Part II: A poetic look at Prose in the Park

[Ed: read Pearl Pirie’s article about Prose in the Park here. Below is her poetic interpretation of the event.]

Taking a page from Basho who wrote his travelogue haibun, intercutting haiku and notes, a look back at the journey thru the festival. I’ll add some tanka as well as haiku to the recollection.

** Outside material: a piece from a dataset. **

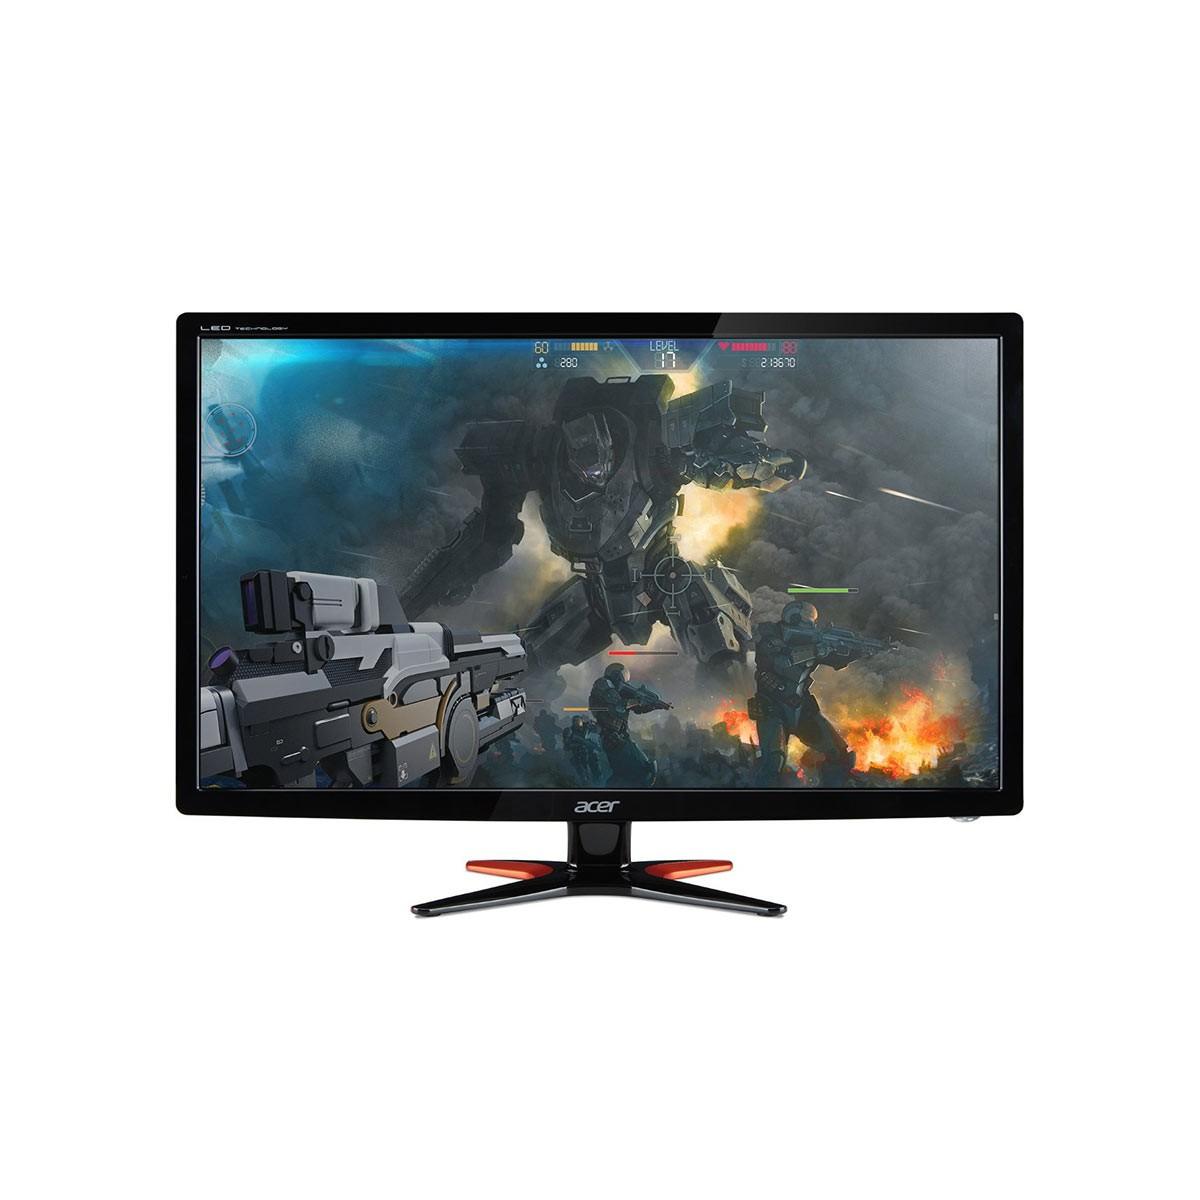 X329BV-SR 23-Inch 1920p LED Monitor (2018 Model) Ultra Base System

The familiar grounds had thousands of books in a circus of tents. From the seagull’s view it might have looked like a sort of spikey cartoon of a colouring book sun. It was the kind of weather that we think of as normal summer but only comes so perfectly formed a dozen days or so a year.

false spirea buds
clamped tight, green—
if nature won’t
bloom yet, fine
publishing will

The canopy seats over 50 and is full and still people stand off to the side, sit on the grass or listen in from behind the stage. Would Vincent Lam read from The Headmaster’s Wager “each bowl of noodles was crowned by a rose of raw flesh, the thin petals of beef pink and ruffled” before the wireless mic was passed for audience questions?

ants gather
to appreciate
fallen ice cream.
how wonderful
no death stench

Was it Alex Binkley or Hayden Trenholm? You may not remember who said it when but you remember the laughter in your gut. Maybe they collaborated the answer to point out that “writing the future is writing now. If we could see the real future we wouldn’t be here, we’d be at the stock market.” The quips and play of people in shared love of the craft, how people leaned in, a hand gesturing on a shoulder.

ivy tendril’s fist
reaches for the nearest grip
—another ivy

Trenholm pointed out Asimov used AI machines an allegory for civil rights which I didn’t get at the time in childhood, or got then forgot. As my uncle once said I’ve reached the point in my life where I can never read or remember more again than I already have so have.

drowsy girl
on mom’s shoulders—
gripped berry drops

Each panelist sat, mirroring each other’s posture opening and closing to lean in somehow reminiscent of an accordion. Even book sellers listening in from their tables.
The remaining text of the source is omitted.